1.3 — Drilled wood block

(a) V_block = 20 × 15 × 10 = 3000 cm³.
(b) r = 3 cm. V_hole = π(3)²(10) = 90π cm³ (≈ 282.7 cm³).
(c) Remaining = 3000 − 90π ≈ 2717.3 cm³ (1 d.p.).

1.4 — L-shaped concrete slab

(a) Area = 6 × 4 + 3 × 2 = 24 + 6 = 30 m².
(b) V = 30 × 0.10 = 3 m³.
(c) Cost = 3 × $185 = $555.

1.5 — Grain silo (cylinder + cone, d = 4 m)

(a) r = 2 m. V_cyl = π(2)²(8) = 32π m³.
(b) V_cone = ⅓ × π(2)²(2) = 8π/3 m³ = (8π/3) m³.
(c) Total = 32π + 8π/3 = (96π + 8π)/3 = 104π/3 ≈ 108.9 m³ = 108.9 kL (1 d.p.).

2.1 — Explain your thinking (sample response)

(i) Subtraction is more efficient because the block and the hole are both single simple solids whose volumes you can compute in one calculation each — V_block = lwh and V_hole = πr²h. One subtraction gives the answer, and using π is unavoidable because the hole really is circular.
(ii) The "4 blocks around the hole" approach would not work: once a round hole is drilled, the leftover wood does not have flat sides next to the hole — each "block" would have a curved cut-out where the cylinder used to be.
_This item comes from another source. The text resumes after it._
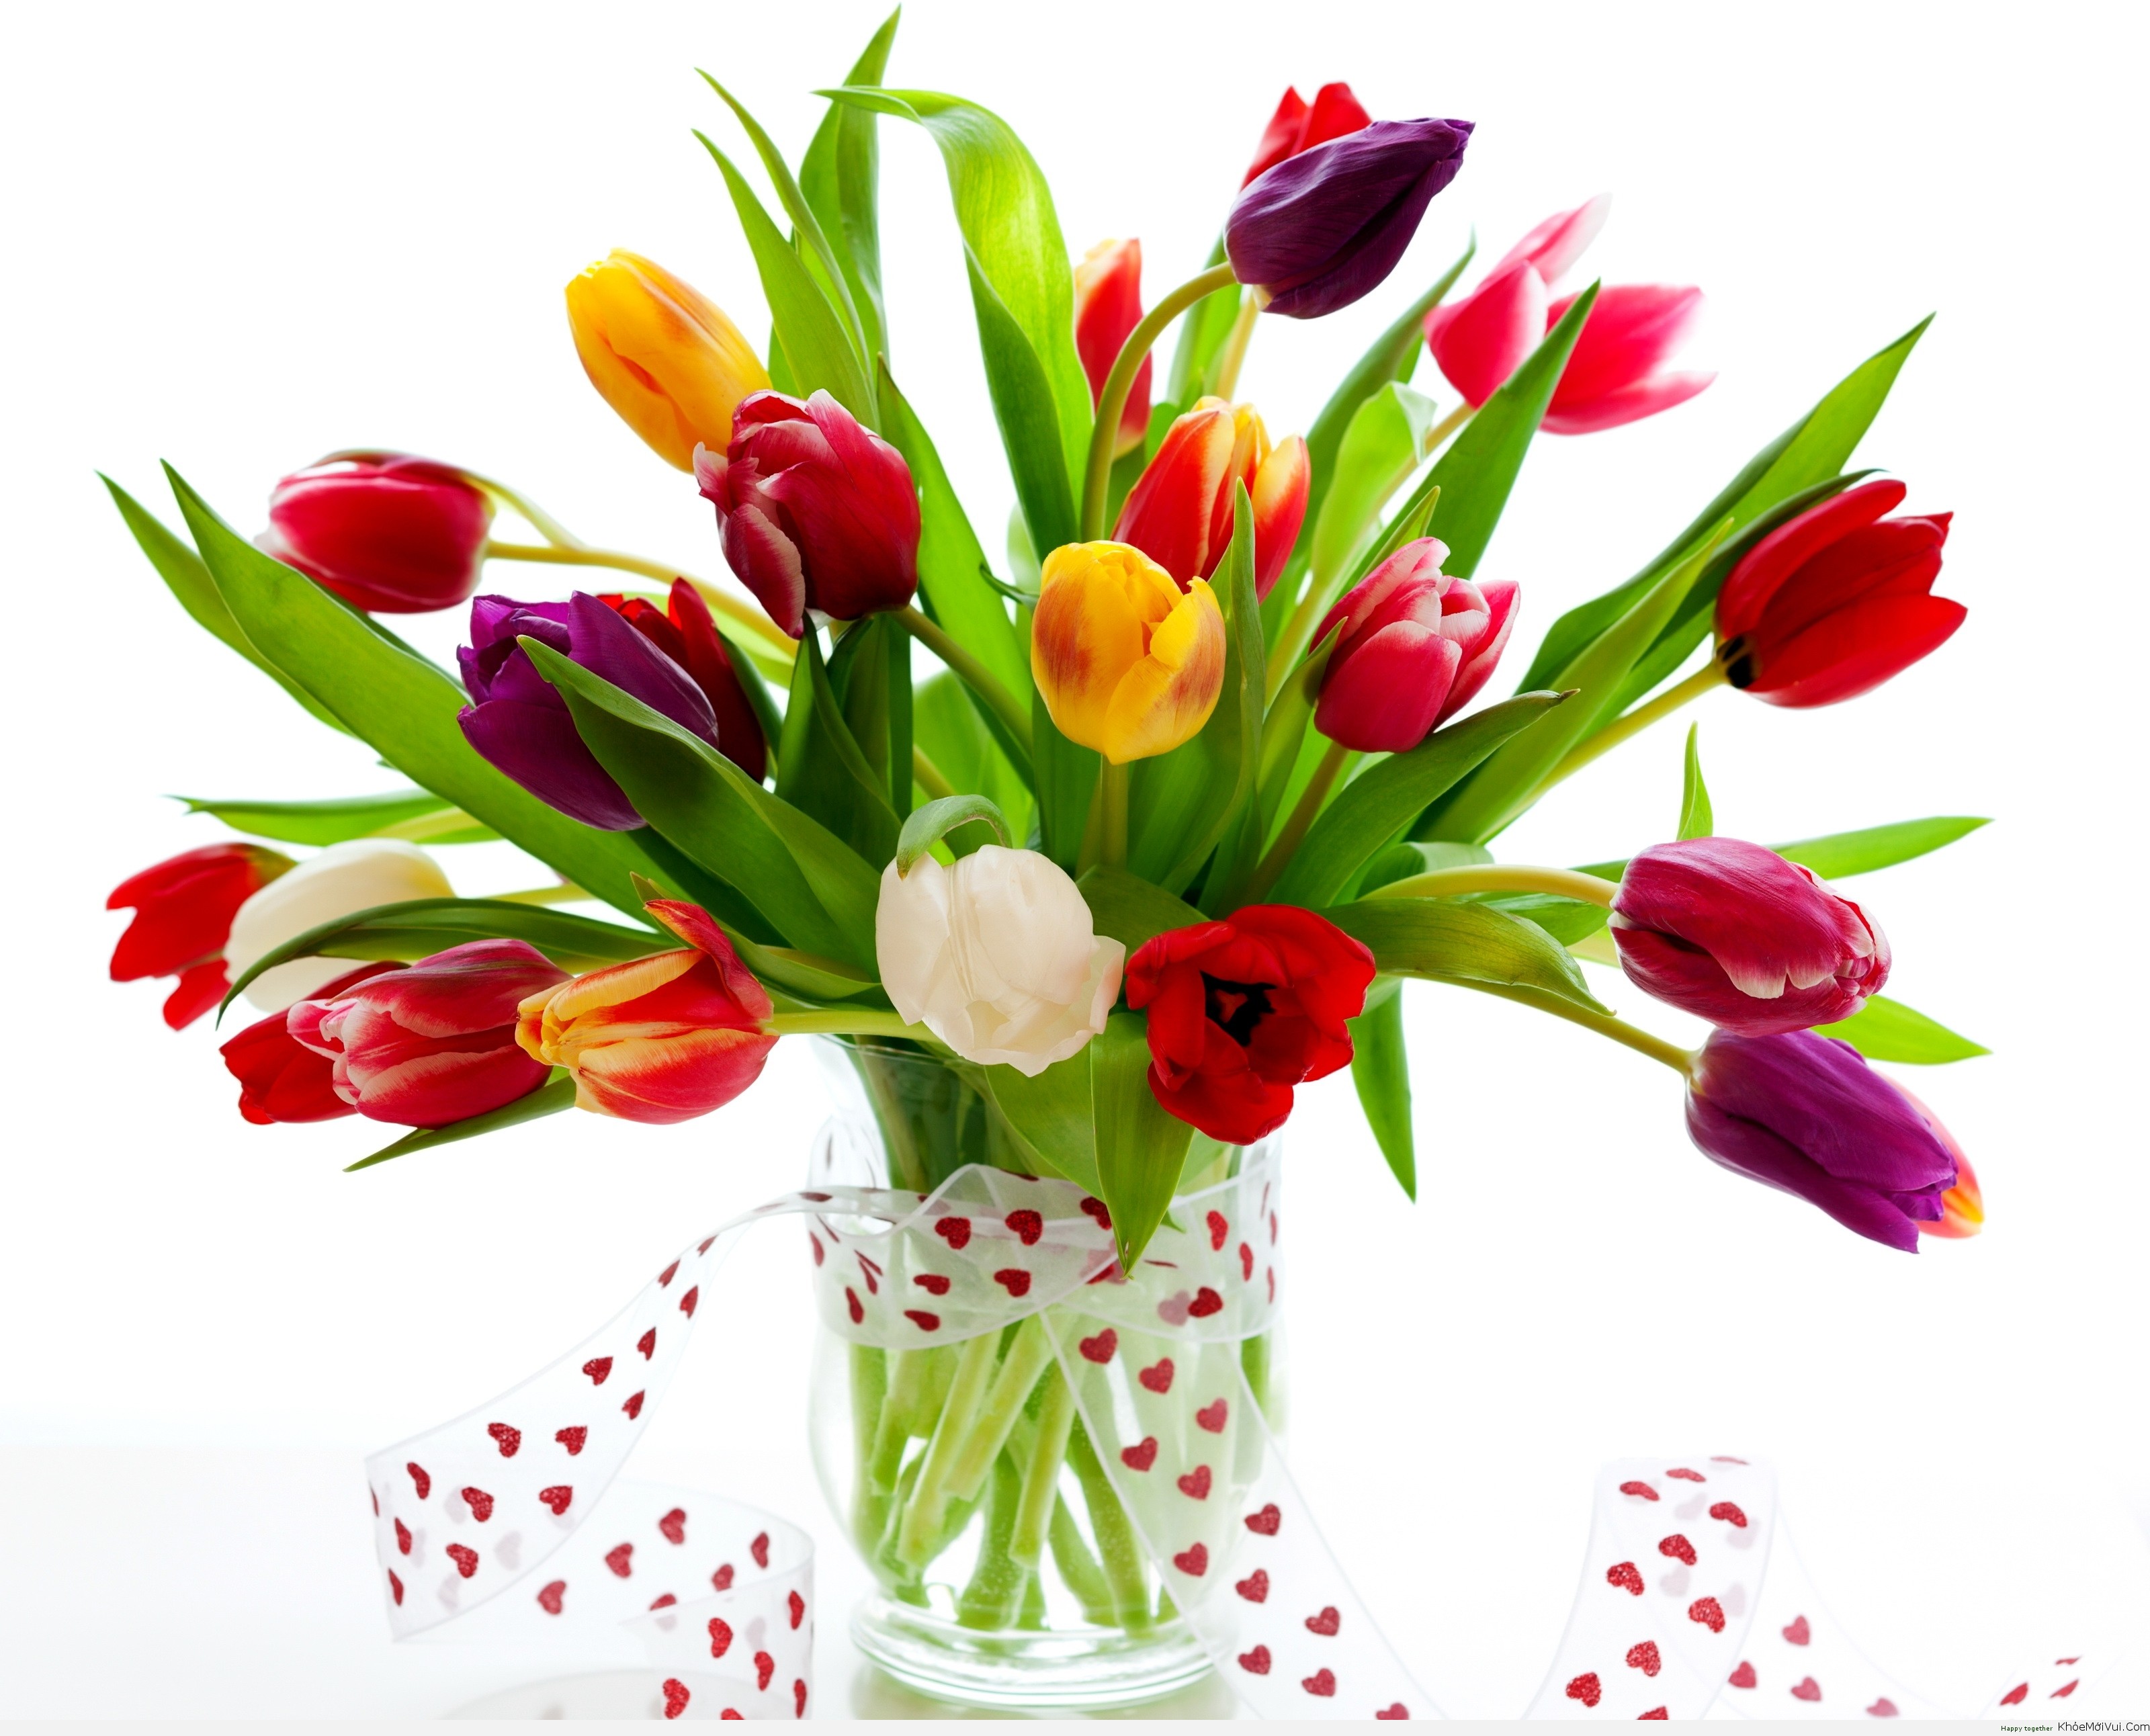 Set 5 củ giống hoa tulip mix 5 màu ( 5 màu đỏ , vàng , cam,tím sọc , trắng đỏ lửa )
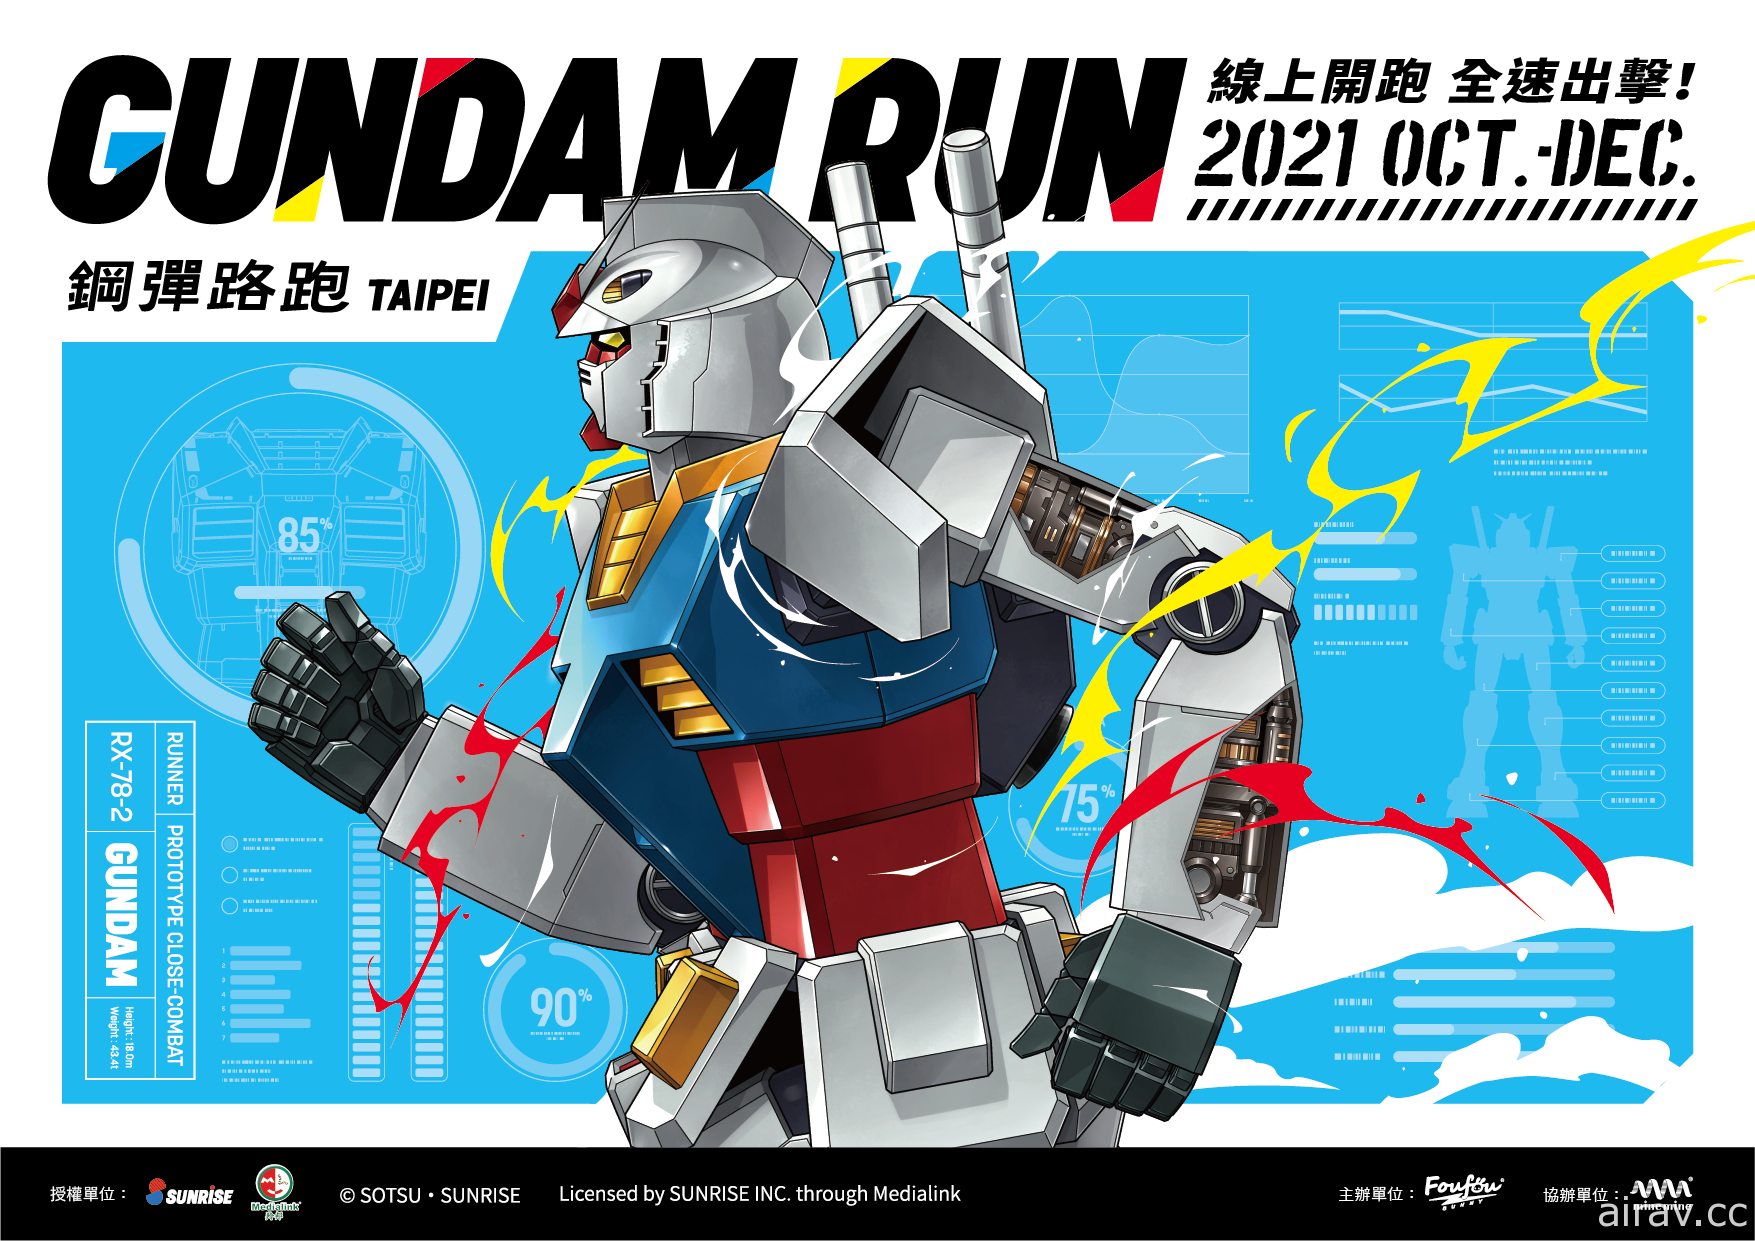 「鋼彈路跑 GUNDAM RUN TAIPEI」即日起開放報名 10 月正式展開活動

Those curved-edge pieces are not rectangular prisms, so lwh doesn't apply and the calculation breaks.
(iii) The addition strategy is better when the composite is genuinely two or more simple shapes joined at a flat face — for example, the trophy in 1.2 (block + cylinder stacked) or the shed in 1.1 (rectangular prism + triangular prism roof). In those cases each part is a clean simple solid and no curved leftover appears.

Marking: 1 for naming subtraction's efficiency, 1 for the curved-edge problem of the "4 blocks" idea, 1 for a clear example where addition is appropriate, 1 for full-sentence communication.